# Into the Woods - Blu-ray Review



## Mike Edwards (Mar 10, 2011)

[img]http://www.hometheatershack.com/gallery/file.php?n=41082[/img] 
*Title: Into the Woods* 

*Movie:* :3.5stars:
*Video:* :5stars:
*Audio:* :5stars:
*Extras:* :4stars: 

*HTS Overall Score:*92






[img]http://www.hometheatershack.com/gallery/file.php?n=41090[/img]*Summary*
Have you ever thought about the consequences of fairy tales? Usually we see the heroes do some sort of great deed, or accomplish some feat before gaining their hearts desire and live happily ever after. “Into the Woods” explores the old scientific fact of “for every action, there is an equal and opposite reaction”. Based off of the Broadway stage play of the same name (and actually written by the same writer of the stage play) we see a mish mash of Grimms fairy tales brought to life in an interconnected whirlwind of excitement. It’s been slightly neutered in terms of impact compared to the stage play, but that seems to have been done in order to keep it a PG rating, since the stage play got real dark real fast. It’s entertaining and keeps very much in line with the original script, but somehow loses some of the visceral impact that I experienced while watching Sondheim’s live version some years ago. 
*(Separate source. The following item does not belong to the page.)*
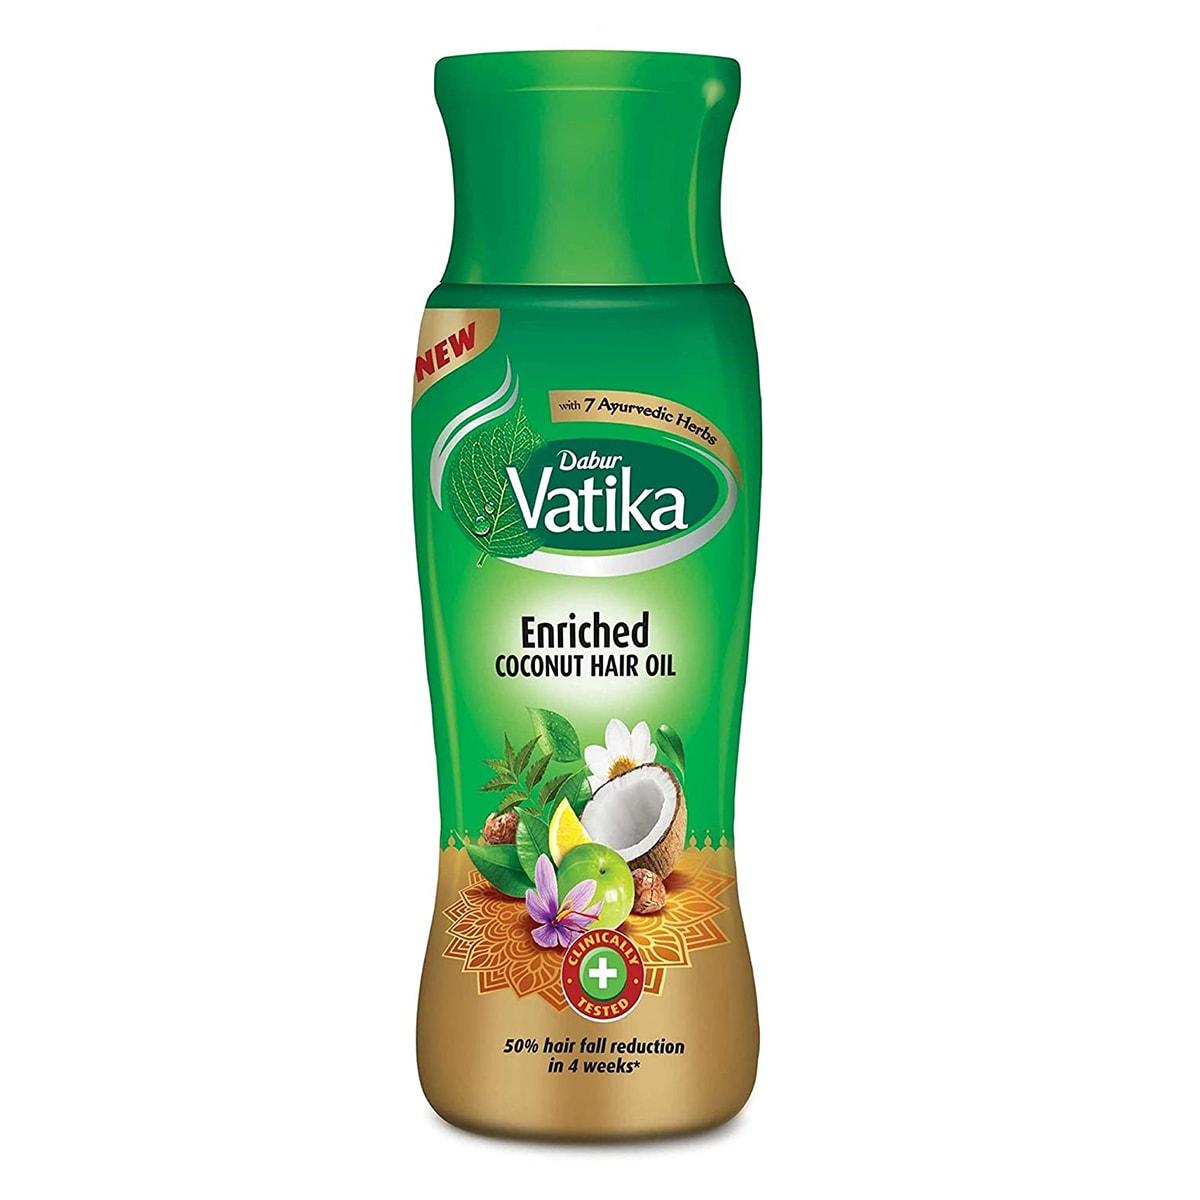 Buy Dabur Vatika Enriched Coconut Hair Oil - 300 ml

An old and ugly witch (Meryl Streep) offers a childless baker (James Corden) and his wife (Emily Blunt) the chance to actually have a little bun in the oven, so to speak, if only they will acquire 4 items for her that she needs. A cloak as red as blood, a slipper of gold, hair the color of corn and a cow that is milk white. If you’re familiar with your fairy tales you can already see where this is going. Off into the woods the couple goes in search of the items. The red cloak is found in the form of little red riding hood, who really doesn’t want to get rid of the cloak. On her way to grandmother’s house she’s going, but along the way she runs into that famed big bad wolf (Johnny Depp). Soon enough she and grandmother are swallowed up, only to have the baker rescue them. In her thanks, Red offers the cloak to the baker and off he goes. Simultaneously a young boy named Jack (Daniel Huttleston) has been charged by his mother to sell their white cow in order to keep from starving. Meeting up with the Baker and his wife, the dim witted boy trades the cow for a handful of beans (beans actually stolen from the garden of the witch). The other two items obviously come from Rapunzel’s (Mackenzie Mauzy) and Cinderella’s (Anna Kendrick) slipper, which have their own troubles in life. 
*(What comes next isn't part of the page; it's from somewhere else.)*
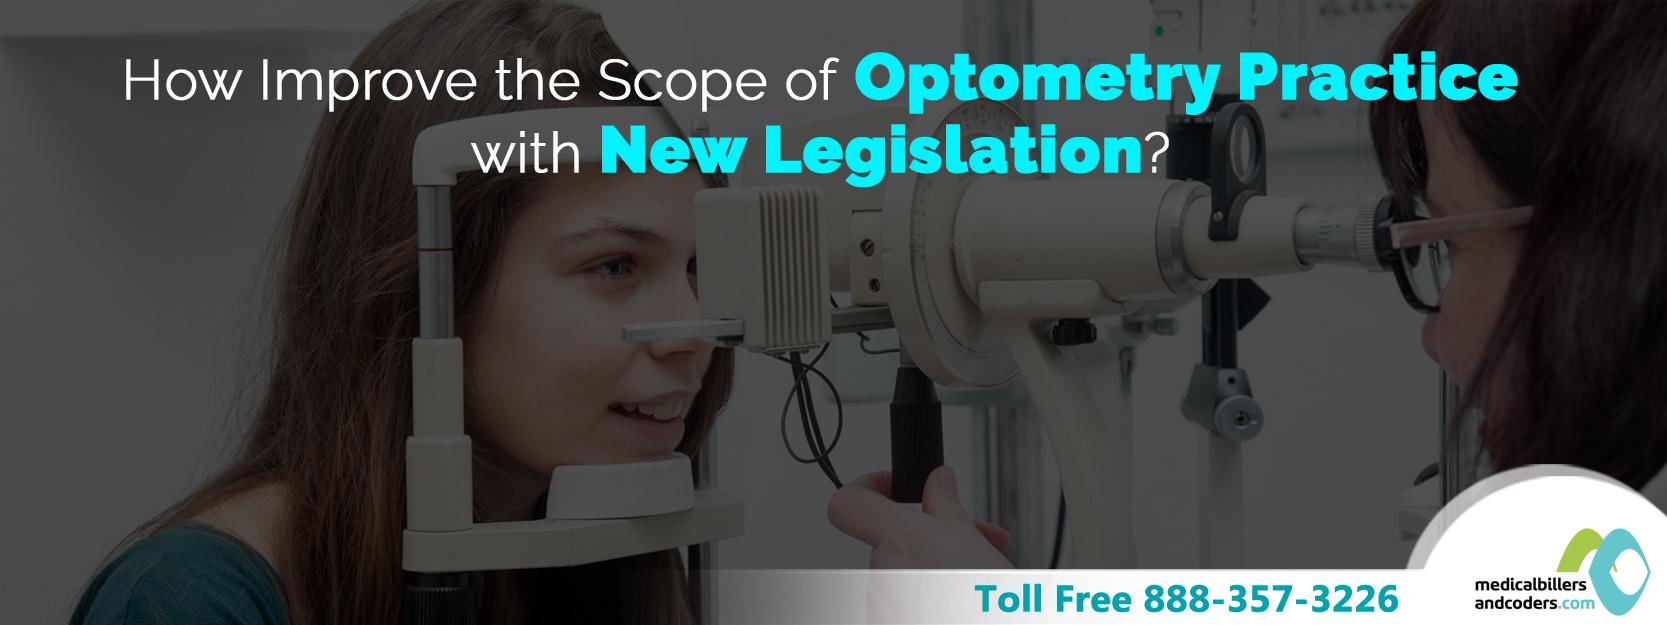 How-improve-the-scope-of-optometry-practice-with-new-legislation-

Being that this is a whole interconnected story the Baker and his wife aren’t the only people in distress. Jack is desperate to get milky white back and uses the magic beans to go up and defeat the giant of legends and bring back gold for his mother and enough to buy back his cow. Cinderella is trying to go to the prince’s ball and nab herself a husband in the form of Prince Charming (Chris Pine). Rapunzel and Prince Charming’s brother find themselves in love, which infuriates the evil witch, and Red Riding hood is still dealing with the issues of being eaten by a wolf. We all know the old “Disney” versions where Rapunzel gets the prince, Cinderella hers, and Jack is rich and wealthy after his deeds, buuuuuuuuuuuuuuuuuuuuuuuuuuuuuuuuuuuuuuuuuuuuuuut, we’re only half way through the movie and this is where things get dark in hurry. As mentioned above, there’s ALWAYS a consequence to actions, no matter what they are. In this case people start reaping the fruit of their folly. Cinderella has a charming prince, but unfortunately not a very sincere one. The baker and his wife get their child, but the wife is more than a little enamored with Prince Charming, Prince Charming two gets his eyes stabbed out by the witch, and little old Jack now has the giant’s wife chasing him back down the beanstalk to avenge her dead husband. Now the group is in shambles, their lives in disarray and they have to build themselves back up from the ashes once more.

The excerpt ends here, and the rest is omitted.